Prompt: For the records below, copy exactly the span that begins at the line containing "Beach Life At" and stops after the line containing "Google Ads Conversion Value Options", minus any pictures.

Source information:
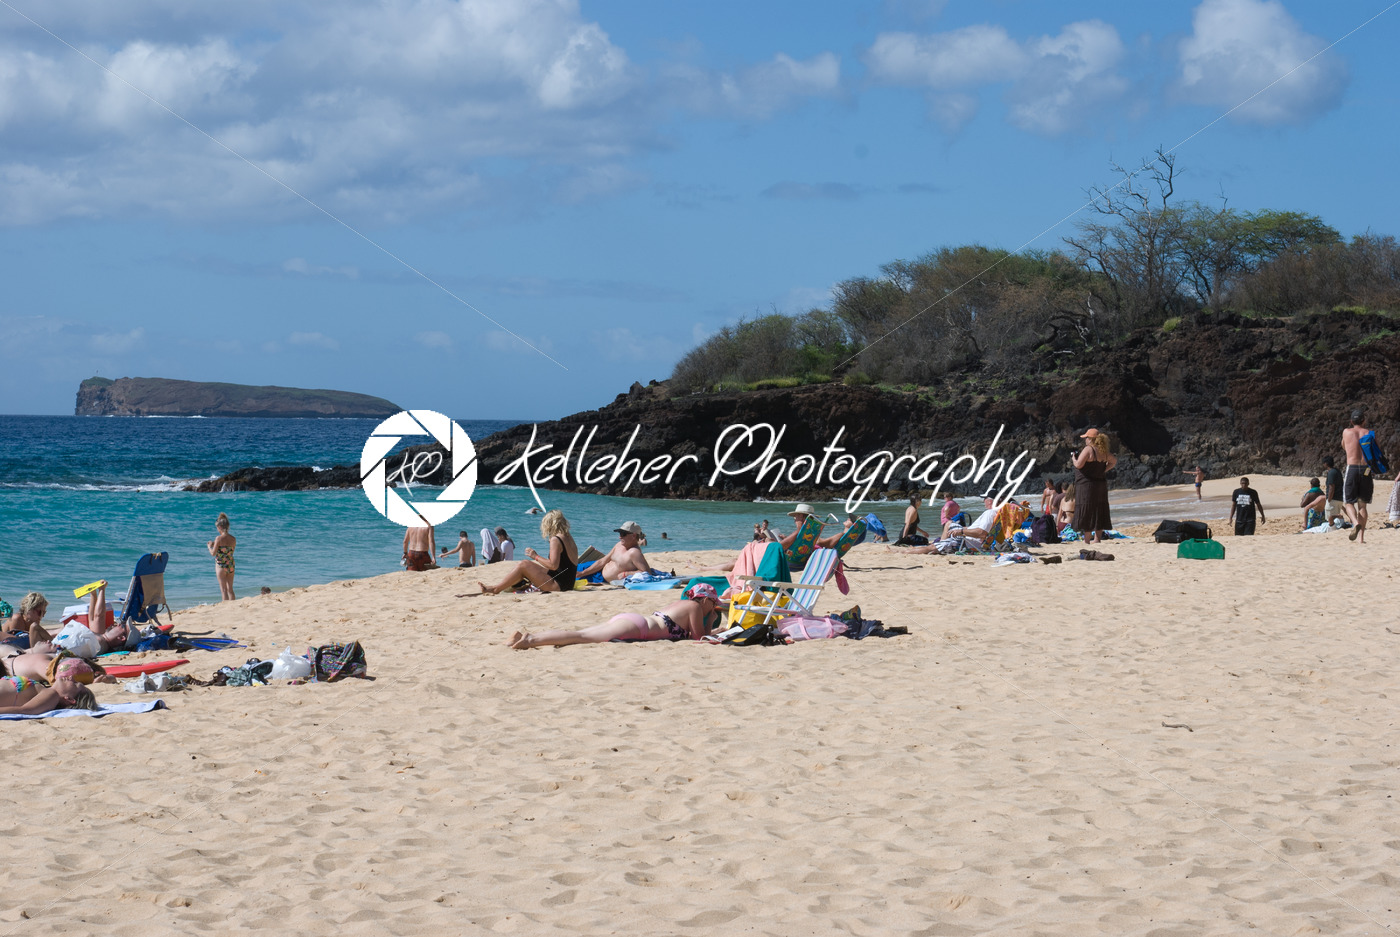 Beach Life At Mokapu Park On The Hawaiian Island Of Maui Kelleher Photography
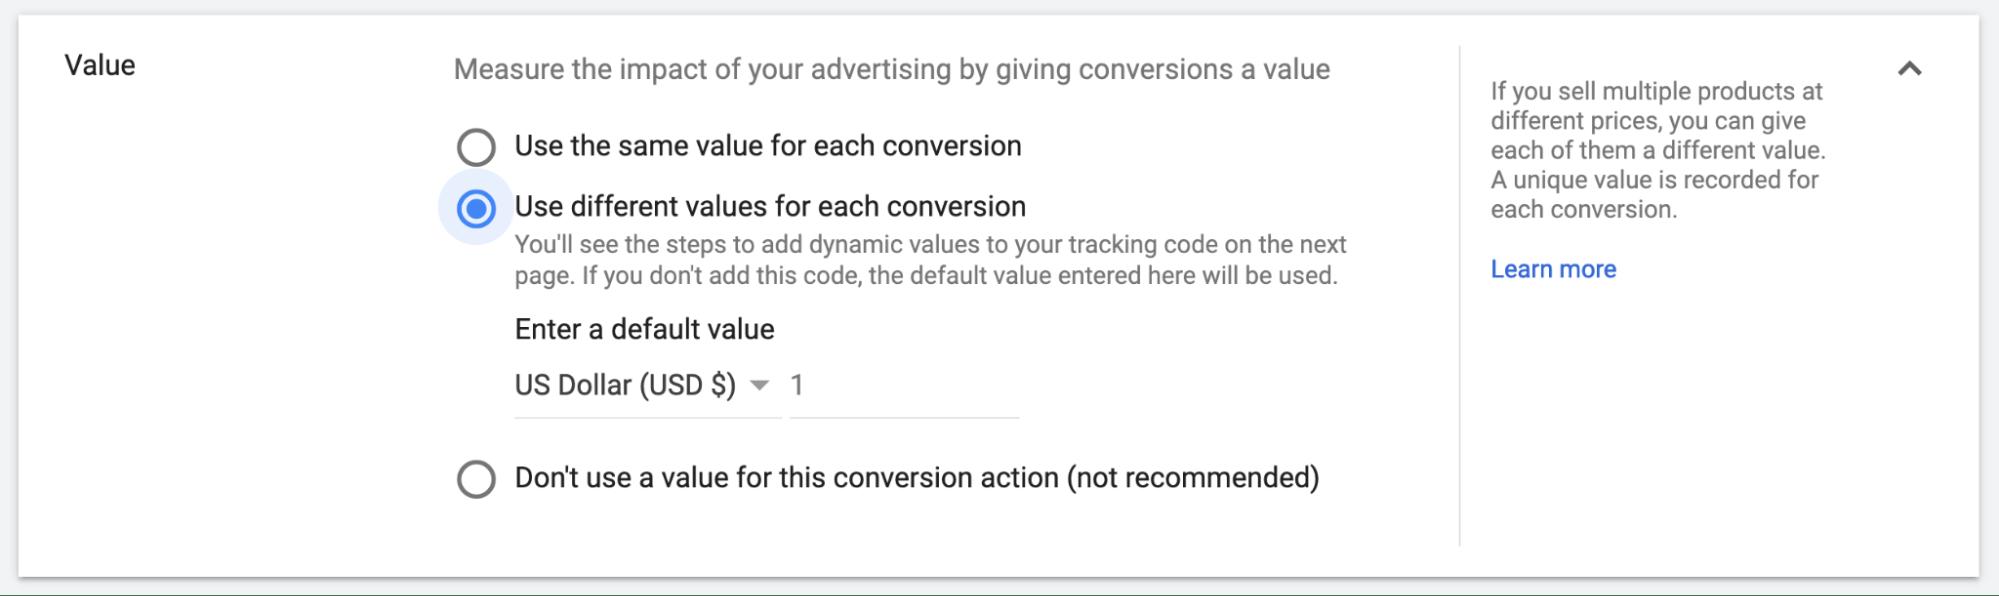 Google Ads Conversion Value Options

* * *

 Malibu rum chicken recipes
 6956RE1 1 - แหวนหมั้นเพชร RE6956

Solution for this exercise:
 Beach Life At Mokapu Park On The Hawaiian Island Of Maui Kelleher Photography
 Google Ads Conversion Value Options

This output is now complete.